Cárie proximal e restaurações classe III
Antes de apresentar estratégias para restaurações classe III, é importante discutir a evolução da lesão cariosa nas faces proximais. Geralmente a lesão inicia na superfície de contato proximal e, enquanto não atinge a dentina, podemos orientar o paciente quanto às medidas de higiene oral e hábitos alimentares e realizar uma adequação do meio bucal na tentativa de paralisá-la. Nessa fase, o tratamento restaurador somente é indicado se existir um comprometimento estético que desagrade o paciente, geralmente relacionado à lesões pigmentadas superficialmente e visíveis por vestibular. Notem no esquema didático abaixo uma mancha amarronzada na face distal de um incisivo lateral.

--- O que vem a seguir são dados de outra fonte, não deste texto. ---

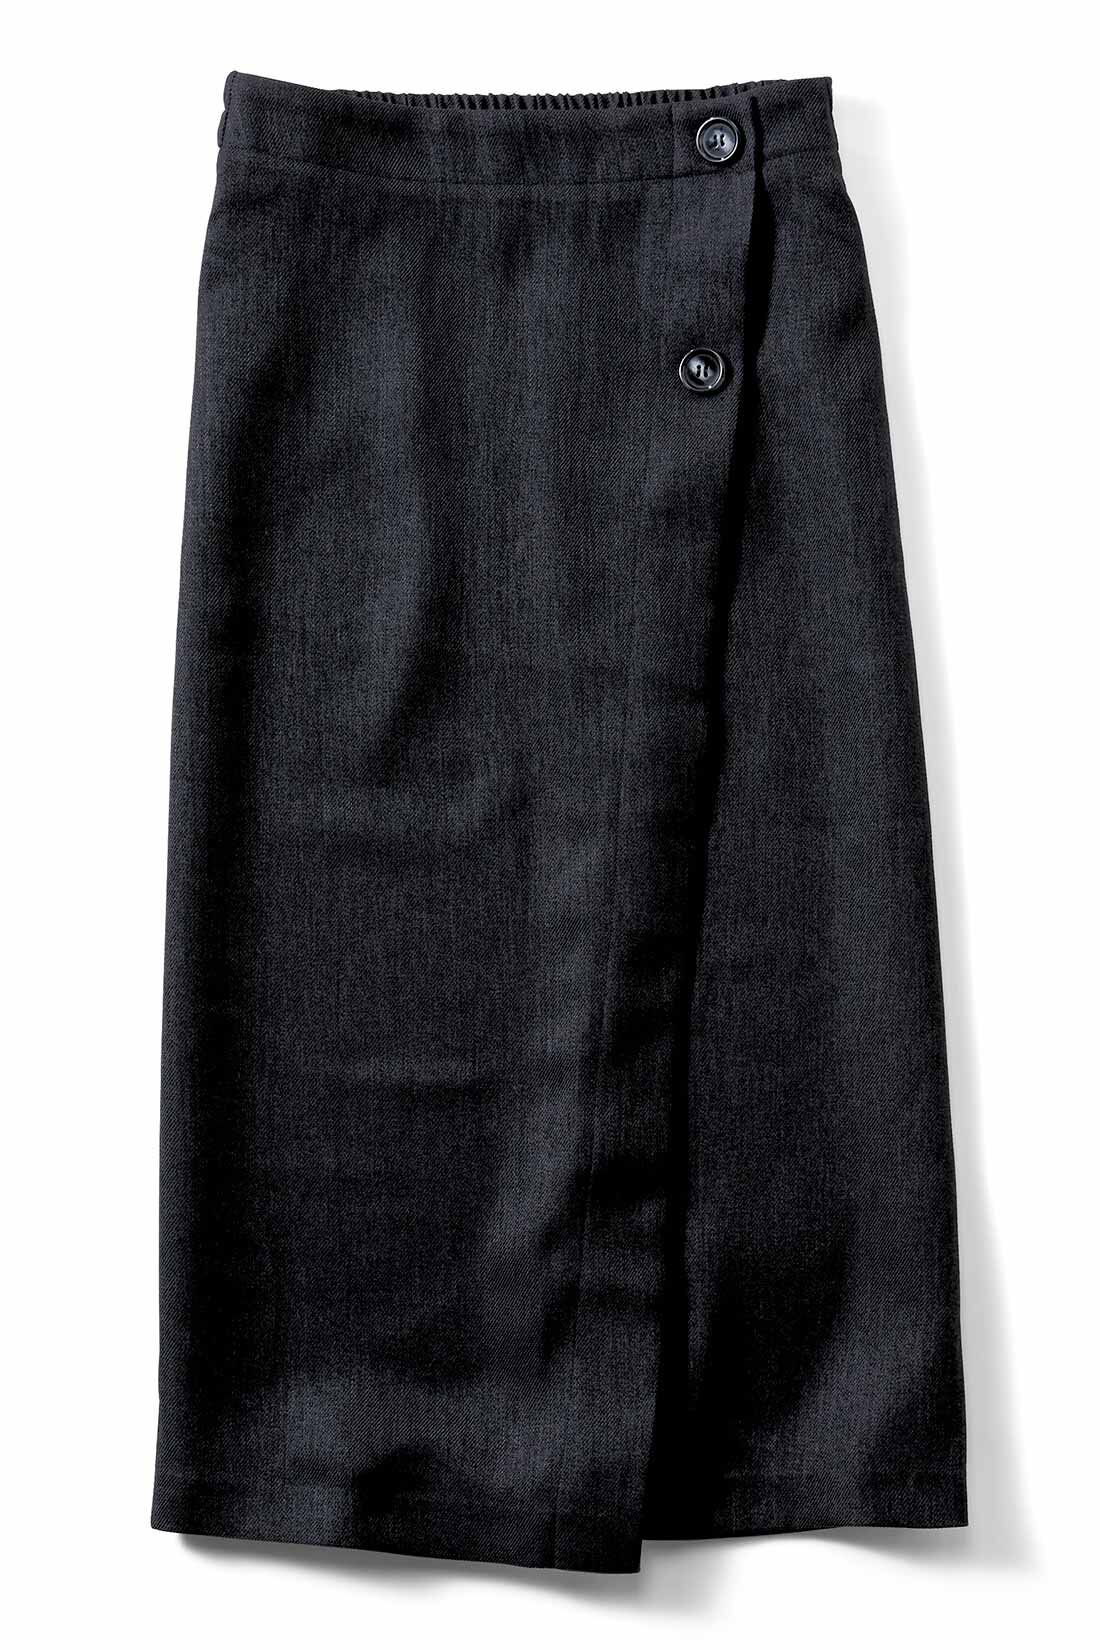 IEDIT[イディット]　ラップ風デザインで着映える 細見えIラインスカート|〈ブラック〉

Se as medidas preventivas não forem suficientes para impedir a progressão da lesão de cárie, a mesma alcançará a dentina e se espalhará pela junção amelodentinária em direção à polpa, deixando o esmalte sem apoio. Notem no esquema didático abaixo a lesão de cárie e a destruição de dentina em uma vista vestibular, proximal e em um corte transversal. Clinicamente, visualizamos uma superfície vestibular acinzentada que compromete a estética do dente. Observamos ainda como a lesão de cárie progride em direção à incisal, o que dificulta a sua remoção, tornando necessário um maior desgaste de esmalte para o acesso adequado dos instrumentais.
Remoção do tecido cariado
Devemos sempre que possível realizar o acesso à lesão de cárie pela face palatina, pois assim, temos uma maior possibilidade de preservar o esmalte vestibular, não prejudicando a estética. Se um volume expressivo de dentina for comprometido, teremos um esmalte sem apoio, com aspecto acinzentado. Notem na imagem abaixo o escurecimento vestibular da face mesial do incisivo lateral.
Sugestão clínica
Quando a lesão de cárie estiver localizada predominantemente na face proximal, invadindo um pouco a face vestibular porém sem alcançar a área plana do dente, vale a pena tentar restaurá-la sem qualquer tipo de bisel. Nesta condição, ilustrada na figura abaixo à esquerda, conseguimos resultados estéticos excelentes apenas removendo todo o tecido cariado. Por outro lado, caso a lesão alcance a área plana vestibular do dente temos um maior desafio restaurador, o que torna necessária a realização de um bisel para a obtenção de um melhor resultado estético. Esta situação é ilustrada na figura abaixo à direita.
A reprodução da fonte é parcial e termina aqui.